Jasmina memicingkan matanya sambil menatap Devon curiga, namun secara refleks ia berdiri menuju meja makan. Tetesan embun yang mengelilingi gelas milkshake coklat itu, terlalu menggoda Jasmina. Devon tersenyum penuh kemenangan, namun ia tidak mau terlalu senang dulu. Singa betina masih begitu marah.
"Silahkan tuan putri…", kata Devon sambil mempersilahkan Jasmina bak pelayan raja, dengan mengayunkan kedua tangannya menunjuk meja makan. Jasmina kesal, tapi ia sebenarnya merasa geli.
"Lebay kamu Dev", katanya pura-pura kesal namun tak kuasa menyambar milkshake itu dan duduk di meja makan kecil di sudut kamar mereka. Namun Devon tetap tersenyum. Ia mencicipi nasi goreng spesial yang ia pesan.

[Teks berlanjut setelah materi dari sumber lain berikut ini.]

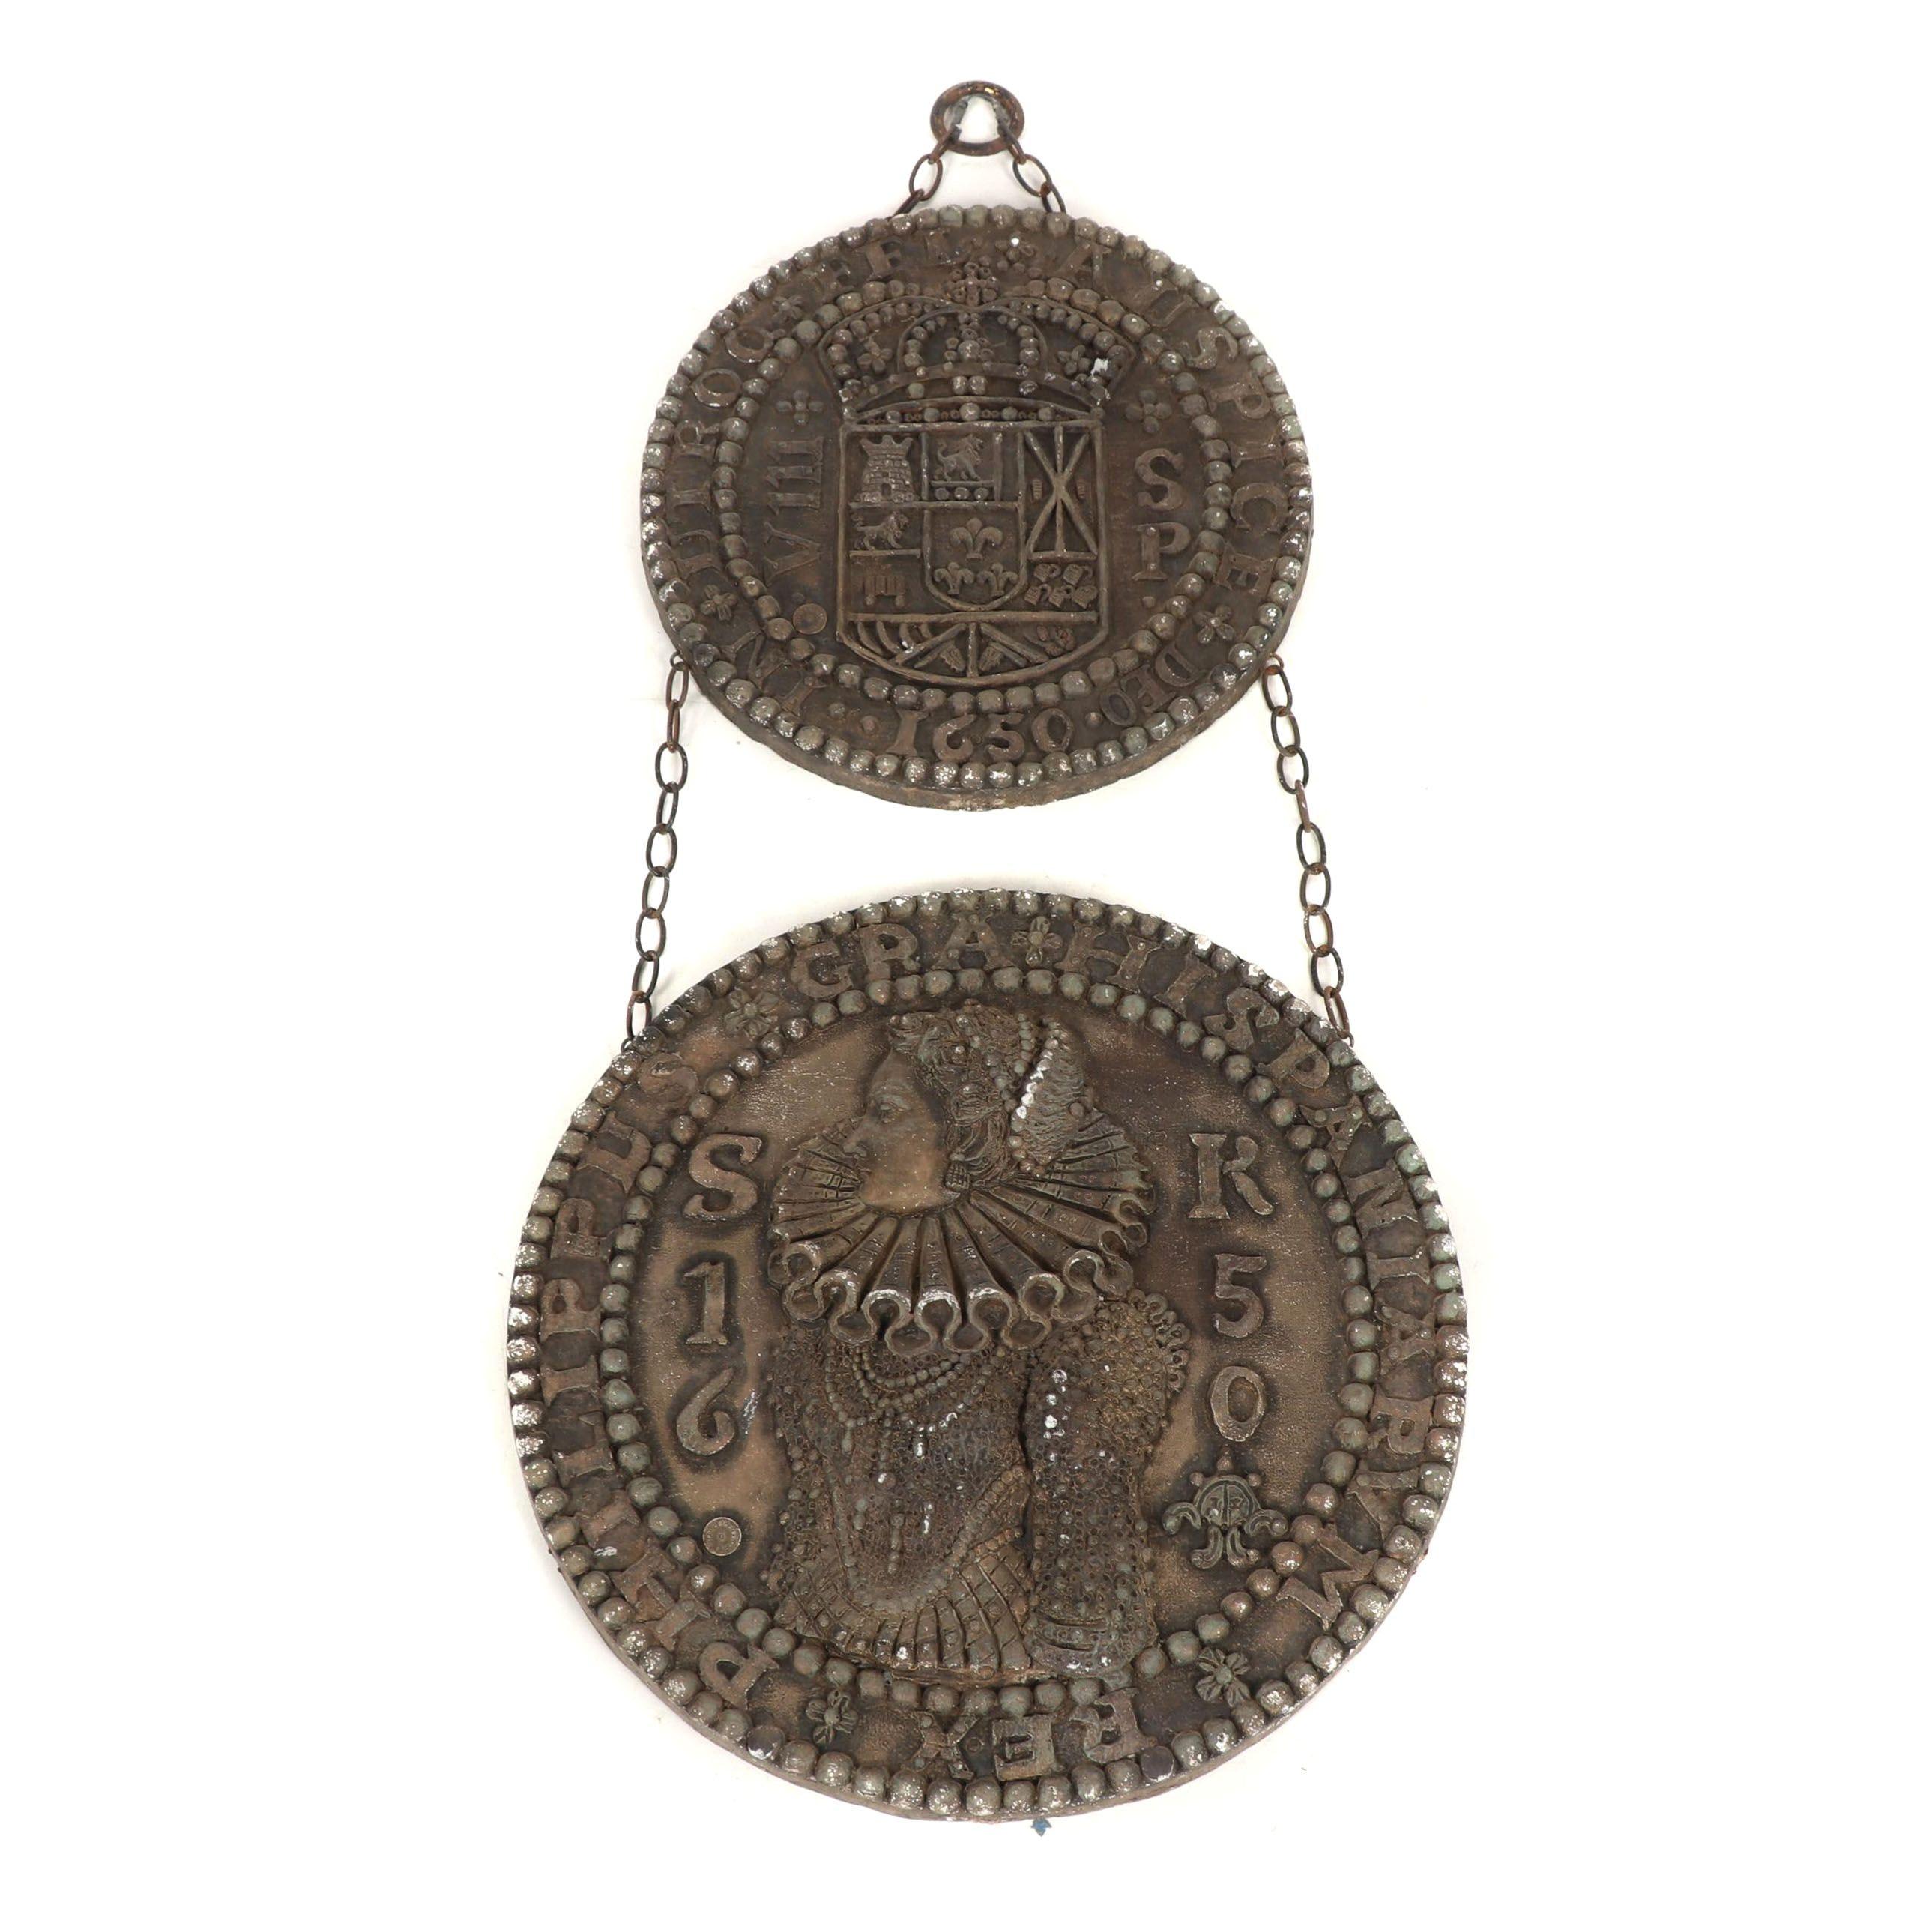 Harold Studios Inc. Plaster Fantasy Coin Wall Hangings, Mid-Century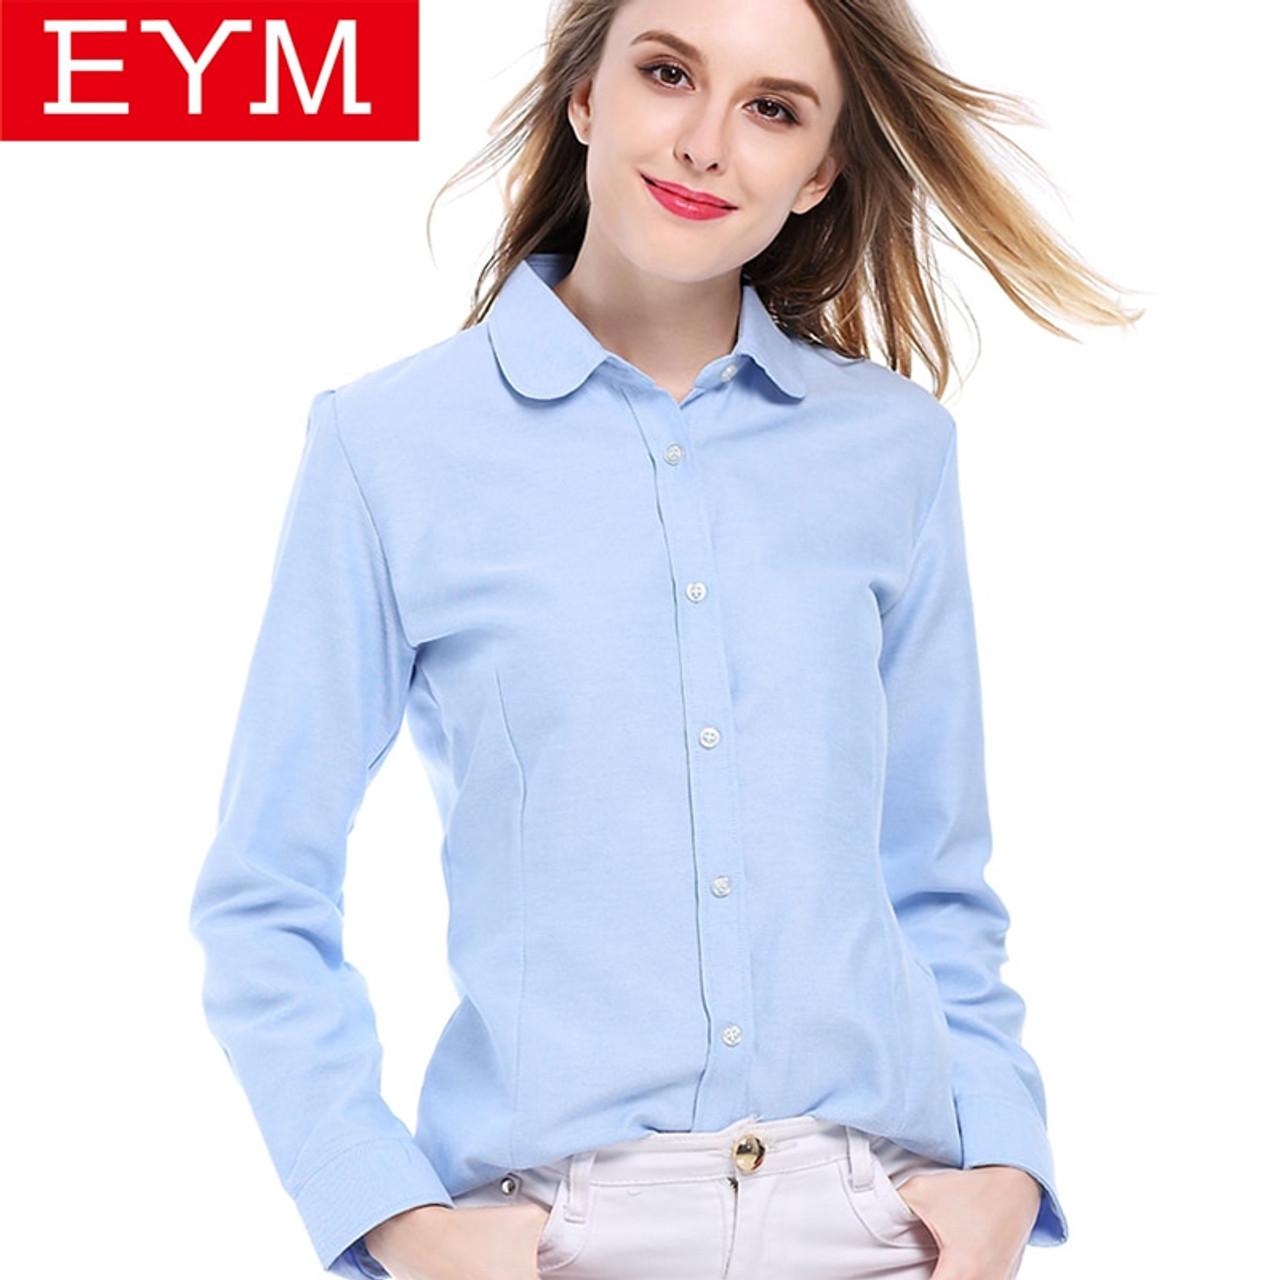 82a5c7d8039 EYM Blouses Shirts 2018 Autumn New Fashion Brand White Shirt Women Long  Sleeve Shirts Cotton Female ...

"Hemmm Jas, nasi goreng ini enaaakk banget. Kamu cobain yaaaa. Aaaaaaa… ayo buka mulutnya sayang…", pinta Devon dengan suara selembut madu. Jasmina menggeleng-gelengkan wajahnya dengan sedotan milkshake masih menempel di bibirnya.
"Hayo lah sayang. Katakan Aaaaa….., buka mulutnya sayang…. Aaaaaaaa", Devon tidak menyerah, namun terlihat tidak memaksa. Lebih seperti meminta dengan memelas. Ia mengayun-ayunkan sendok berisi nasi goreng yang wanginya langsung membuat perut Jasmina melilit karena lapar. Milkshare coklat belum bisa menambal perih perutnya. Akhirnya ia membuka mulutnya dan menyambut sesendok nasi itu. Devon mengangguk-angguk antusias.
"Nahhh gitu donk sayang. Nih aku juga makan nih. Nyammm nyammm nyammm….Ok sekarang giliran kamu lagi. Aaaaaaa….", pinta Devon lagi sambil menyuap satu sendok lagi ke mulut Jasmina. Istrinya itu enggan, namun Devon terus memaksa. Kali ini tangan Devon sambil menggenggam salah satu tangan Jasmina. Ia terkejut, dan dengan lengah, ia membuka kembali mulutnya sehingga satu suapan kembali masuk ke mulutnya.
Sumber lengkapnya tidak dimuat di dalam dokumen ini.